On the other hand, he offers a seven-point plan for making sure the hospital-run plans would be nice. But he doesn’t really explain why, for example, the hospital executives, who would have tightly regulated compensation, would be willing to accept all of the abuse that health insurance company executives get for trying to limit spending on health care. Brill’s hospital companies would each compete with another hospital company. It seems as if both companies would have more of an incentive to be nice to each other than to be nice to patients. 

And, in the real world, sorry: But, as important and noble as hospitals are, they’re also the most dysfunctional, nasty players in the U.S. health care system. Customer service at health insurers is not always great, but it’s a lot better than the level of customer service at the typical hospital billing office. 

On the third hand, I think the sections on how the exchanges came to life support an important point: That we civilians have absolutely no way to understand what’s going inside HHS and CMS, and no reason whatsoever to trust the idea that anyone there has any idea whether the PPACA exchange plans, or any major medical plans governed by PPACA, are sustainable.

I think the real lesson of Brill’s book is that, of course, it’s possible that PPACA World health insurers will do fine, but that there’s also a possibility that they’ll all collapse like a house of cards in a few years.

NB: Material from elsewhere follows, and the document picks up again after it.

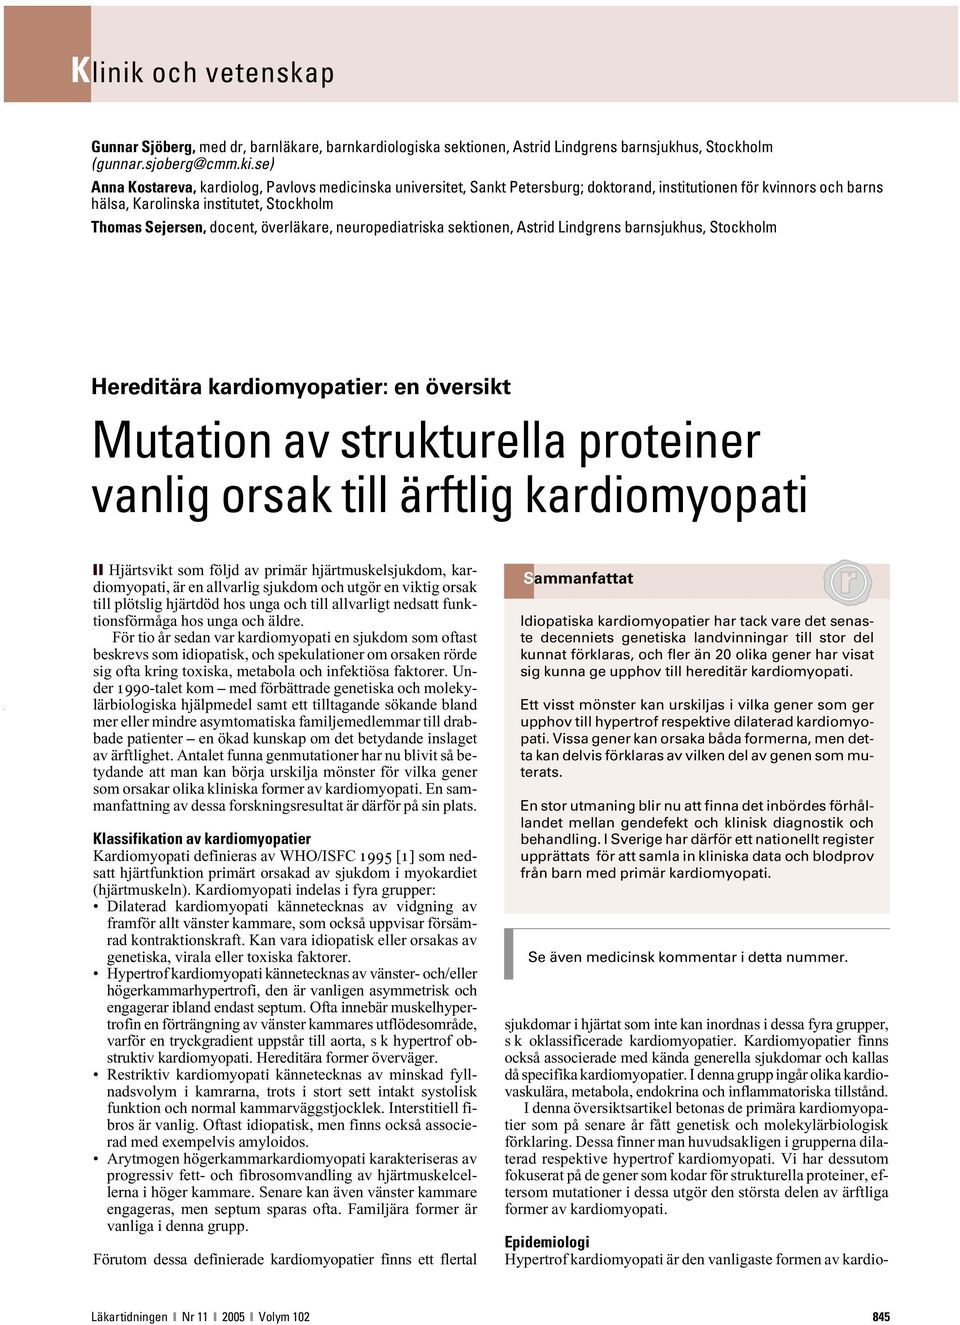 överläkare, neuropediatriska sektionen, Astrid Lindgrens barnsjukhus, Stockholm Hereditära kardiomyopatier: en översikt Mutation av strukturella proteiner vanlig orsak till ärftlig kardiomyopati

Just as banking regulators want banks to develop “living wills,” to show how they would proceed if they faced severe financial problems, state insurance regulators and guaranty funds ought to develop living wills to sketch out ways they might proceed if health insurers run into severe problems.

Of course, fate will probably then laugh at this precaution by causing the health insurers to report great profits, but it’s better to see that happen than to see unexpected wrinkles in the PPACA risk-management programs or other programs and rules knock the insurers down without anyone having a resolution plan in the file cabinet.